Мы тогда еще не уяснили для себя, что возможны лишь три литературно-художественные концепции будущего: Будущее, в котором хочется жить; Будущее, в котором жить невозможно; и Будущее, Недоступное Пониманию, то есть расположенное по «ту сторону» сегодняшней морали.

Мы понимали, однако, что ефремов создал мир, в котором живут и действуют люди специфические, небывалые еще люди, которыми мы все станем (может быть) через множество и множество веков, а значит, и нелюди вовсе – модели людей, идеальные схемы, образцы для подражания в лучшем случае. мы ясно понимали, что ефремов создал, собственно, классическую утопию – мир, каким он должен быть. Нам же хотелось совсем другого, мы отнюдь не стремились выходить за пределы художественной литературы, наоборот, нам нравилось писать о людях и о человеческих судьбах, о приключениях человеков в Природе и Обществе. Кроме того, мы были уверены, что уже сегодня, сейчас, здесь, вокруг нас живут и трудятся люди, способные заполнить собой Светлый, Чистый, Интересный мир, в котором не будет (или почти не будет) никаких «свинцовых мерзостей жизни».


Мир Полудня получился именно таким – Светлым, Чистым и Интересным.


Название для романа, как вспоминает БН, придумал Аркадий Натанович, после того как прочел роман Эндрю Нортон «Рассвет – 2250 от Р.Х.» – роман о Земле, кое-как оживающей после катастрофы, уничтожившей нашу цивилизацию.


Комментарий БН:

«Полдень, ХХП век» – это было точно, это было в стиле самого романа, и здесь, кроме всего прочего, был элемент полемики, очень для нас, тогдашних, важный. Братья Стругацкие принимали посильное участие в идеологической борьбе. Сражались, так сказать, в меру своих возможностей на идеологическом фронте. (Господи! Ведь мы тогда и в самом деле верили в необходимость противопоставить мрачному, апокалиптическому, махрово-реакционному взгляду на будущее наш – советский, оптимистический, прогрессивный, краснознаменный и единственно верный!)

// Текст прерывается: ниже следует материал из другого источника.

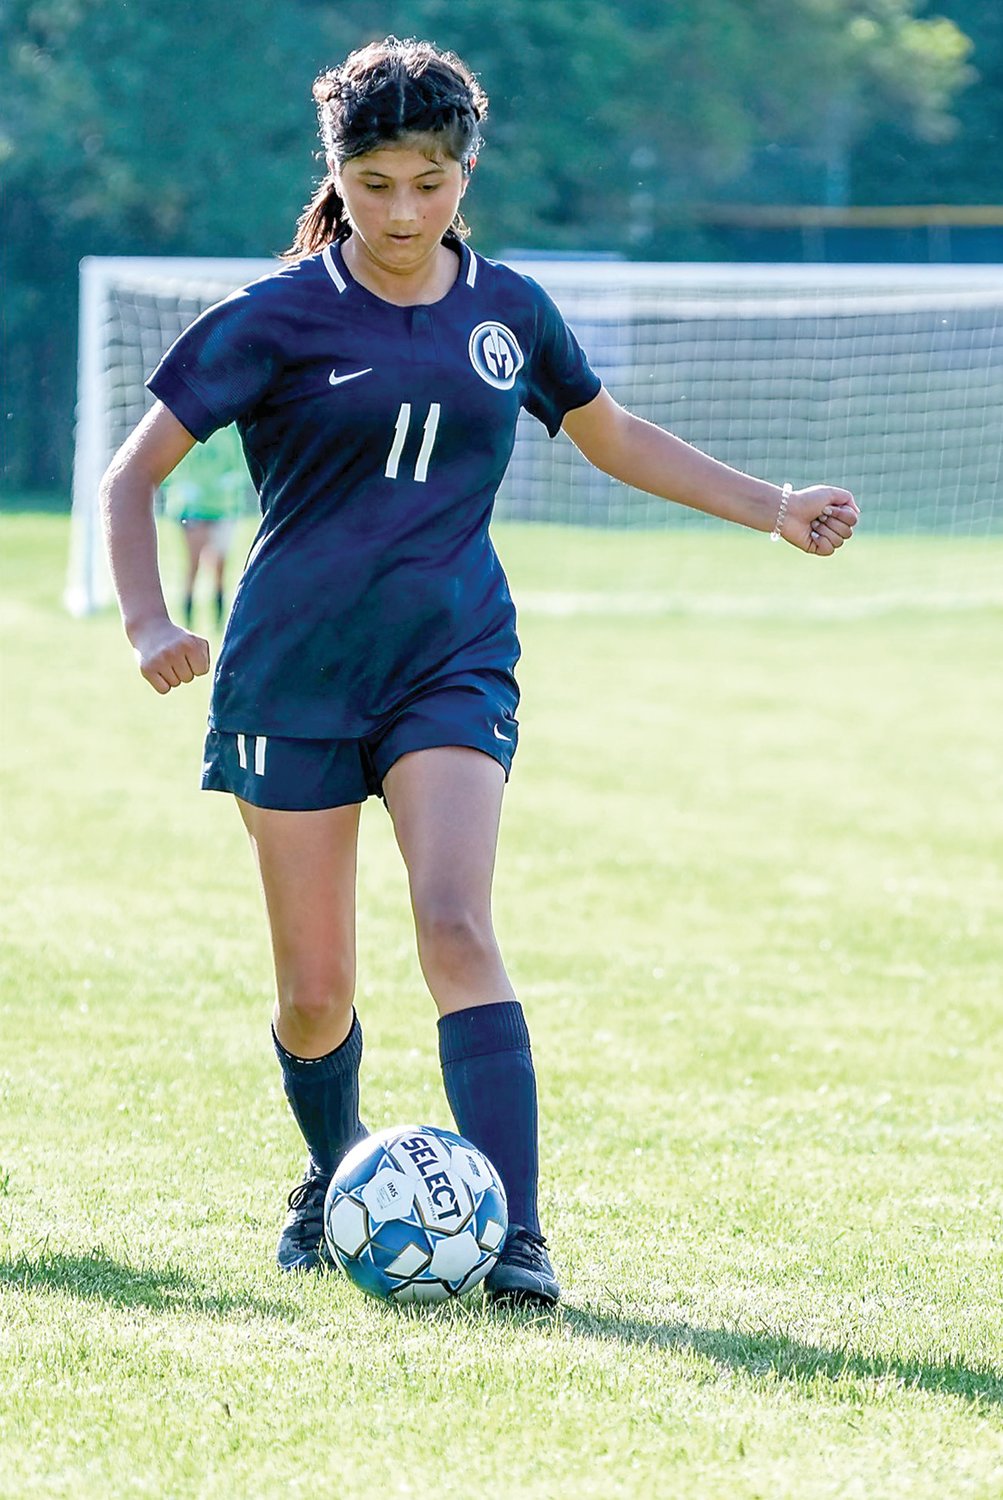 Fatima Daryabi scored three goals for the Solebury School girls soccer team this past fall.

Однако парочку-другую «лакейских» абзацев мне таки пришлось из «Полудня» выбросить, готовя его к изданию 90-х годов. И первой жертвой чистки стала многометровая статуя Ленина, установленная над Свердловском XXII века по настоятельной просьбе высшего редакционного начальства – таким образом начальство хотело установить преемственность между сегодняшним и завтрашним днем. мы, помнится, покривились, но вставку сделали. Кривились мы не потому, что имели что-нибудь против вождя мировой революции, наоборот, мы были о нем самого высокого мнения. Но от всех этих статуй, лозунгов и развевающихся знамен несло такой розовой залепухой, таким идеологическим подхалимажем, что естественное наше чувство литературного вкуса было покороблено и оскорблено.

Внимательному читателю надлежит иметь в виду, что, подготавливая это издание, я выбросил из старого «советского» текста все то, что мы оказались вынуждены вписать, но оставил в неприкосновенности все идеологические благоглупости, которые вставлены были авторами добровольно, так сказать, по зову сердца. Какникак, а мы были вполне человеками своего времени, наверное, не самыми глупыми, но уж отнюдь и не самыми умными среди своих современников. Слова «коммунизм», «коммунист», «коммунары» – многое значили для нас тогда. В частности, они означали светлую цель и чистоту помыслов. Нам понадобился добрый десяток лет, чтобы понять суть дела. Понять, что «наш» коммунизм и коммунизм товарища Суслова – не имеют между собой ничего общего. Что коммунист и член КПСС – понятия, как правило, несовместимые. Что между советским коммунистом и коммунизмом в нашем понимании общего не больше, чем между очковой змеей и очкастой интеллигенцией, впрочем, все это было еще впереди. А тогда, в самом начале 60-х, слово «коммунизм» было для нас словом прозрачным, сверкающим, абсолютным, и обозначало оно мир, в котором хочется жить и работать.